*WORK TASK:* An exact repetition of the data is required; no picture should appear in it.

=== GIVEN INFORMATION ===

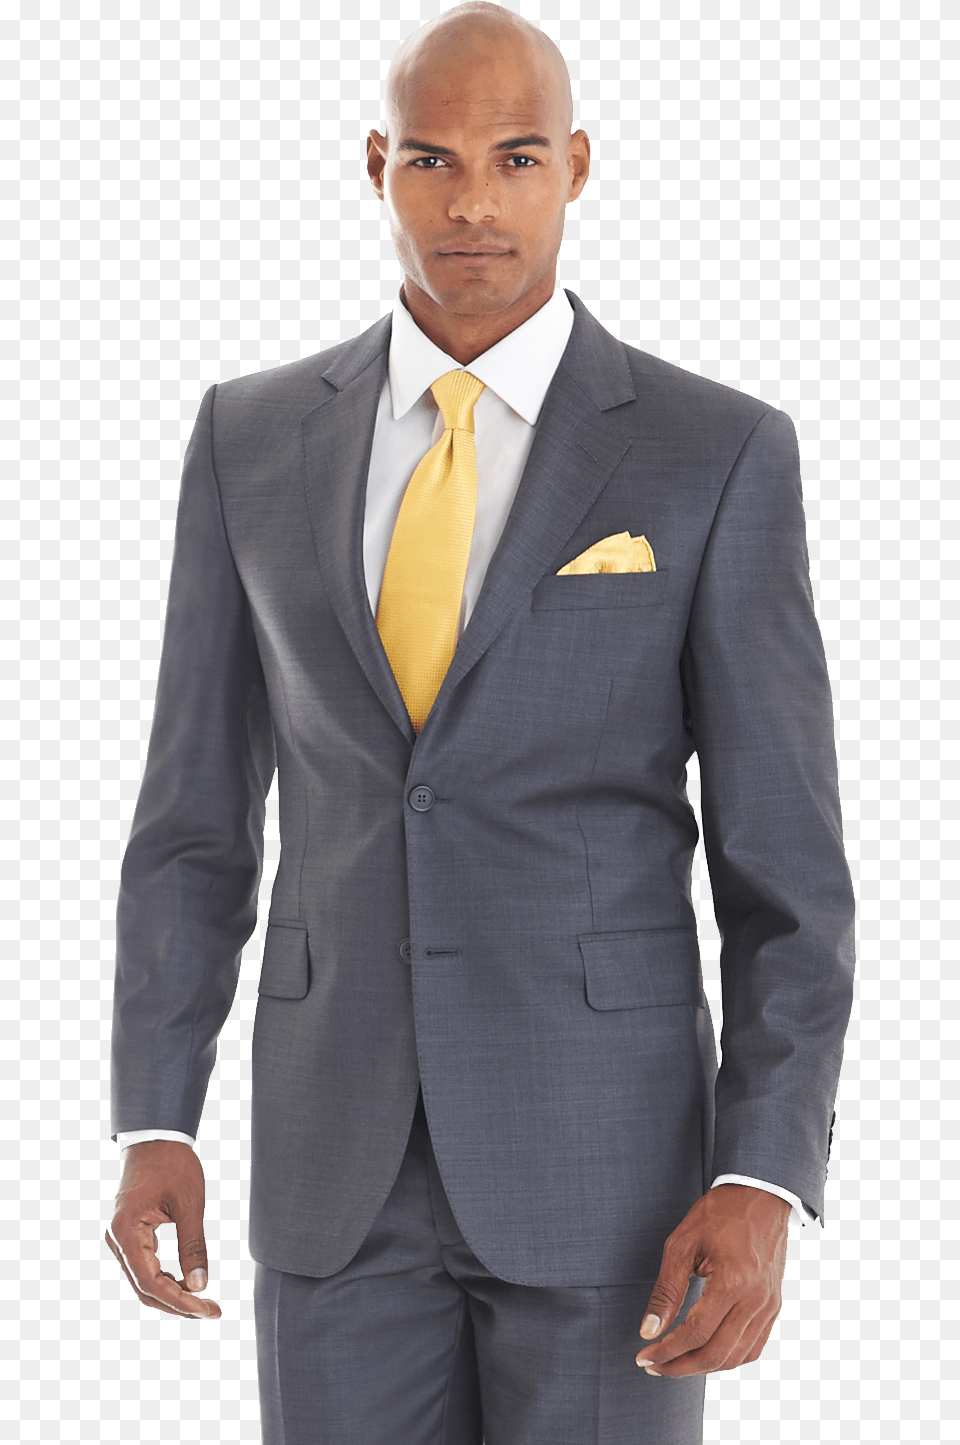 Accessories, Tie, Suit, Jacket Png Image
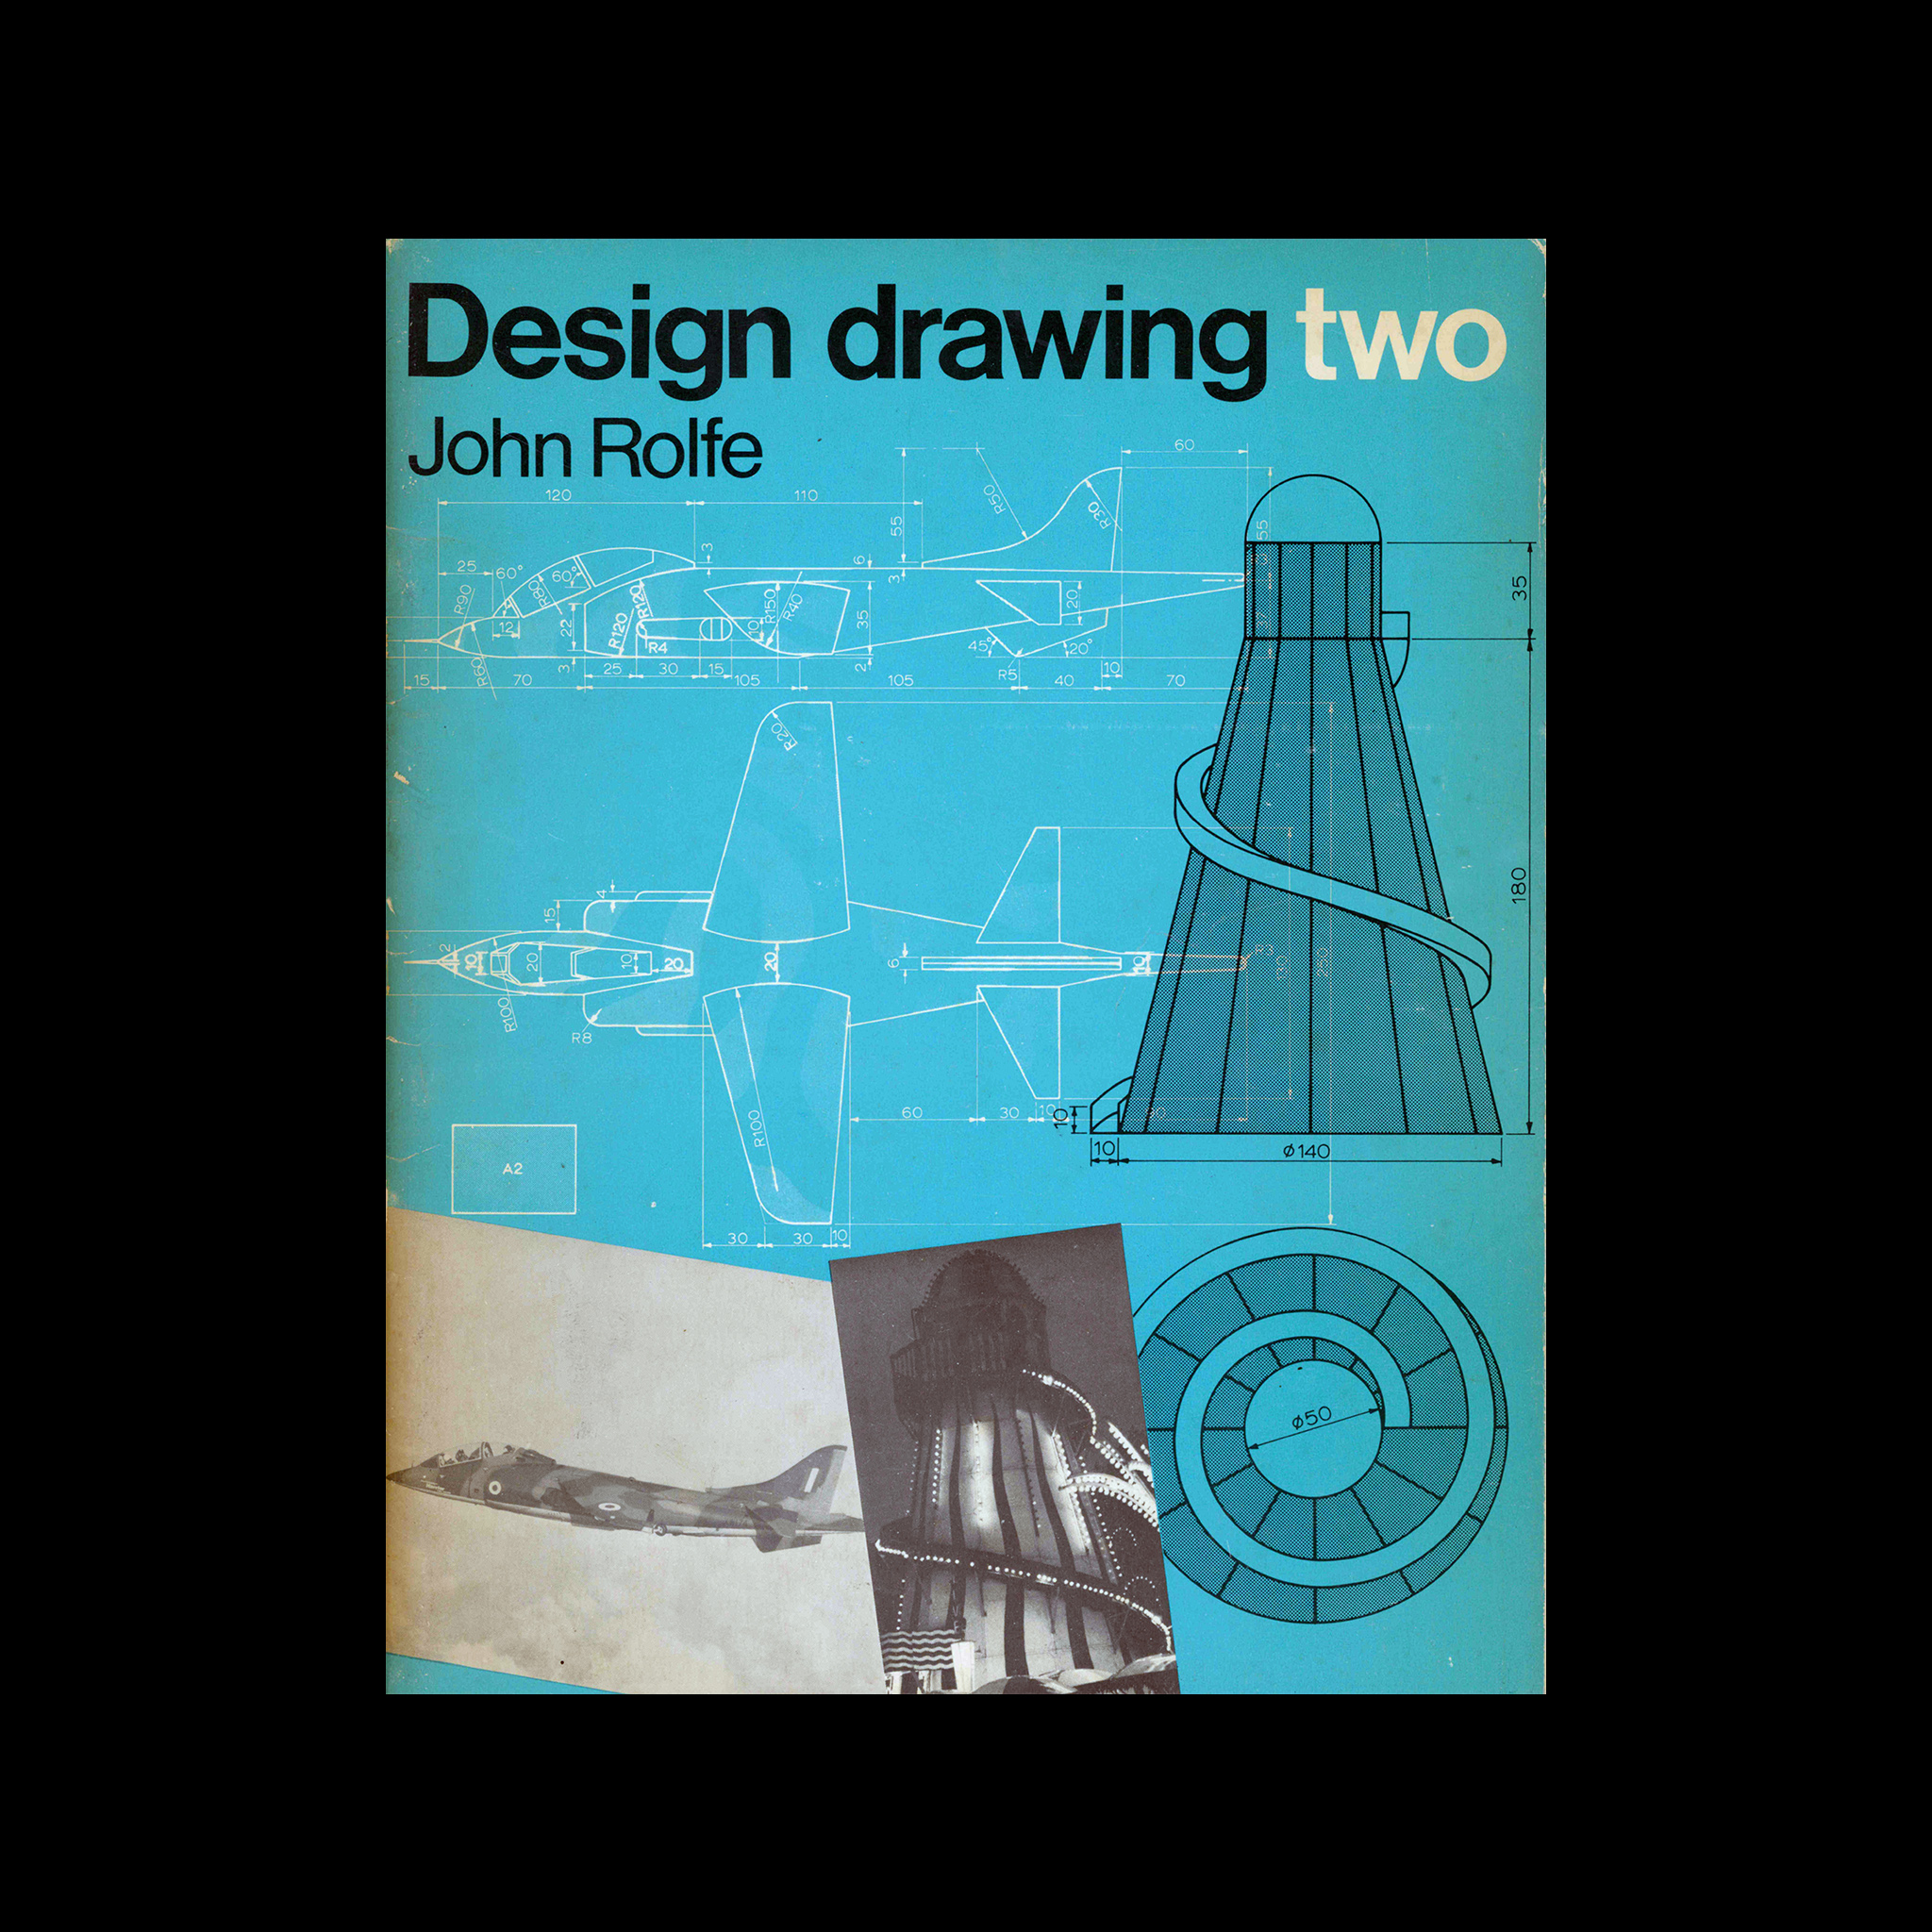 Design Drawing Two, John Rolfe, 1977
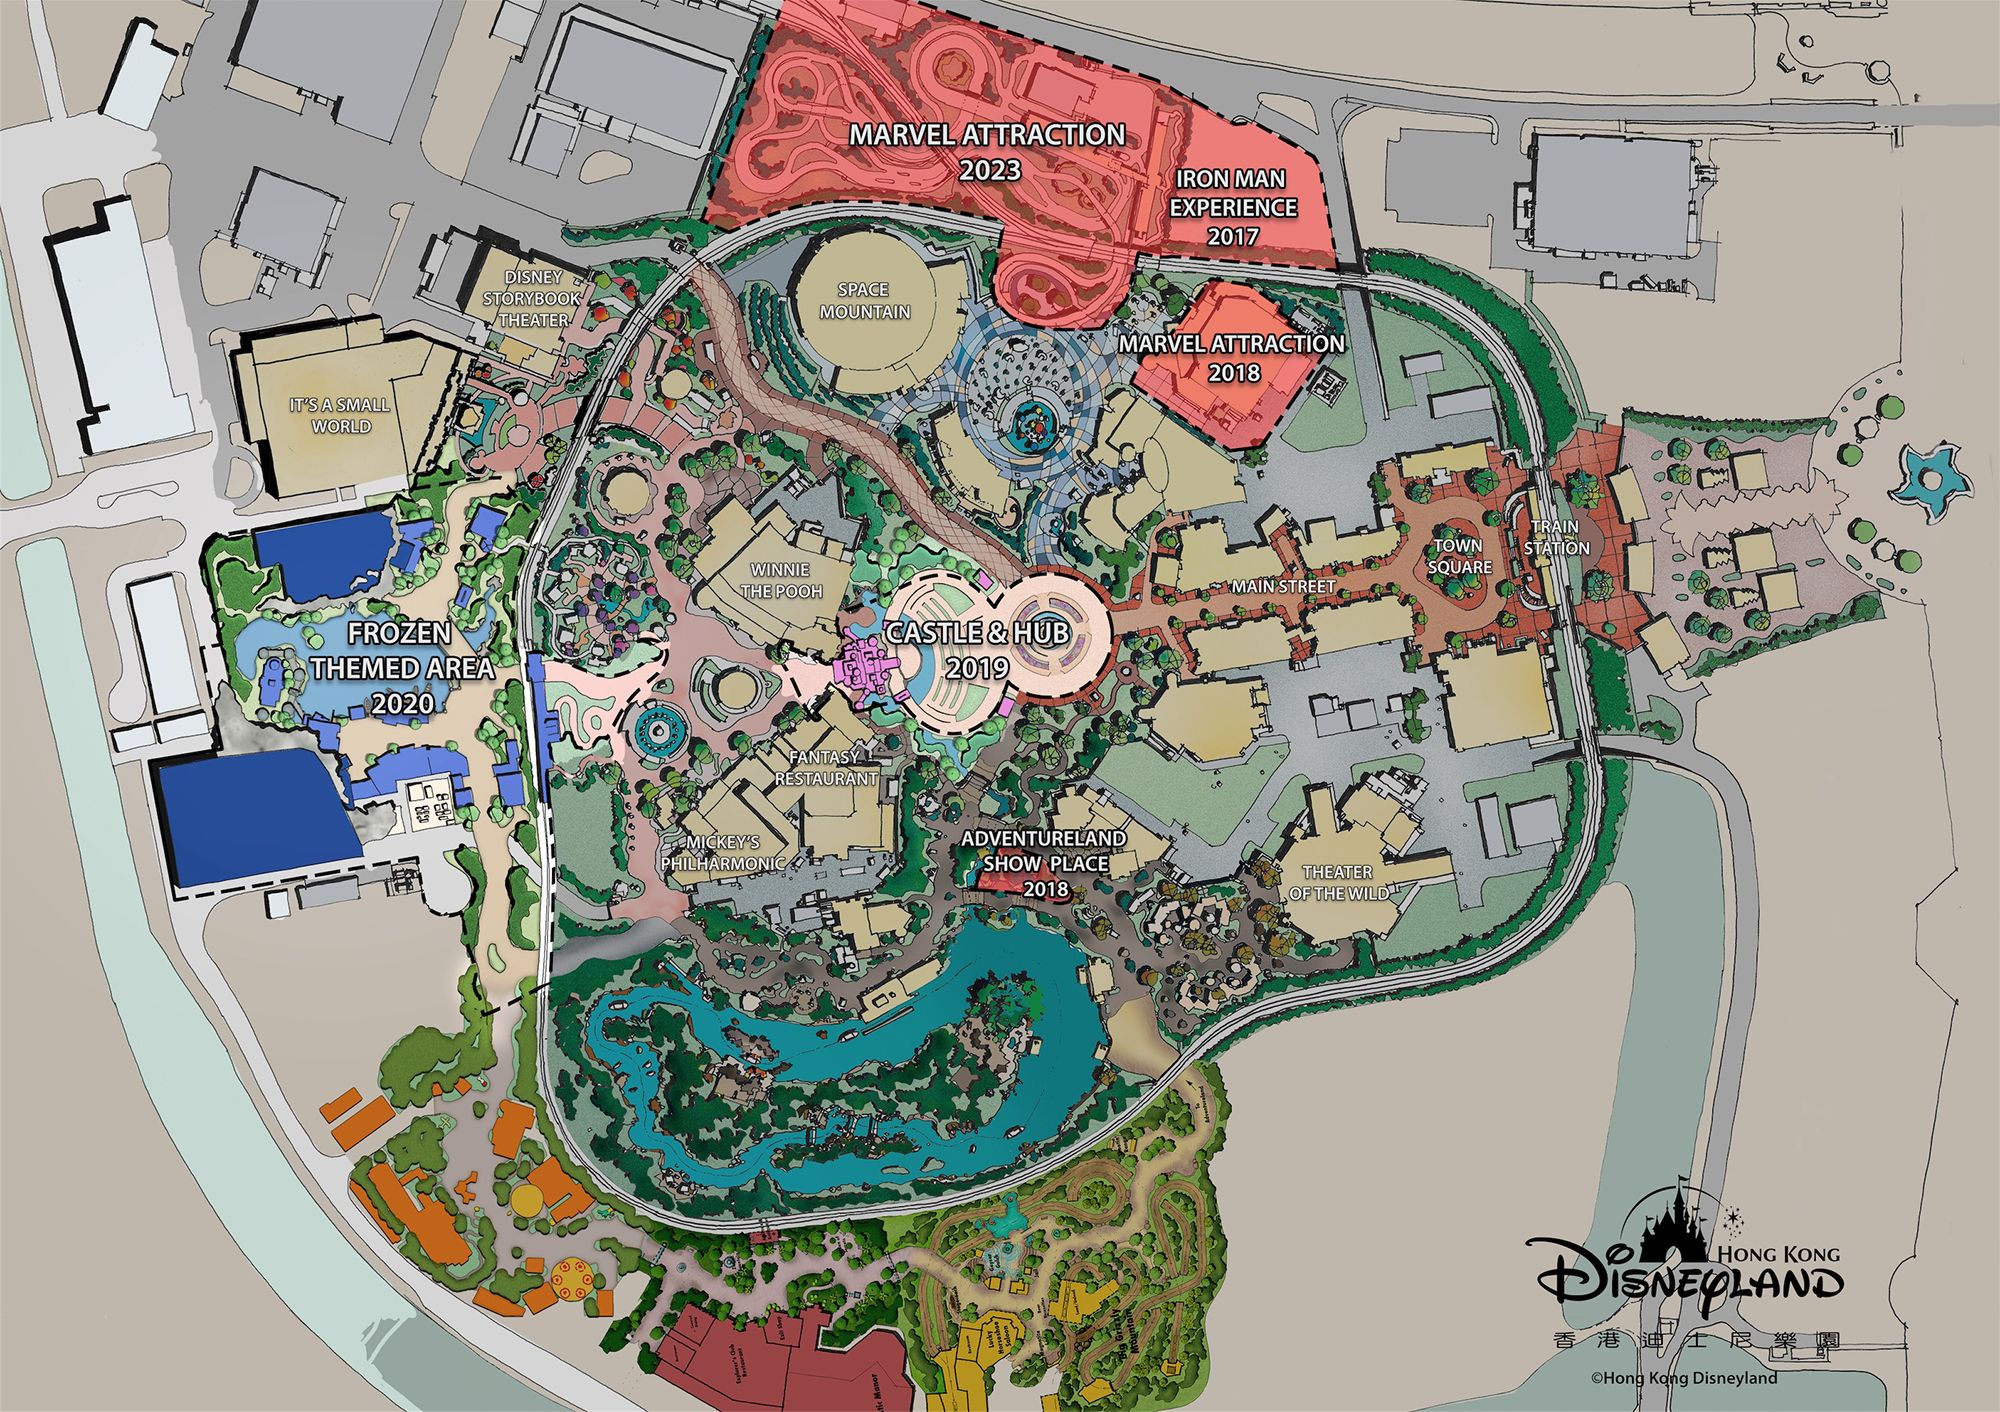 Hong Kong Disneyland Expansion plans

===

*EXERCISE OUTPUT:*
 Accessories, Tie, Suit, Jacket Png Image
 Design Drawing Two, John Rolfe, 1977
 Hong Kong Disneyland Expansion plans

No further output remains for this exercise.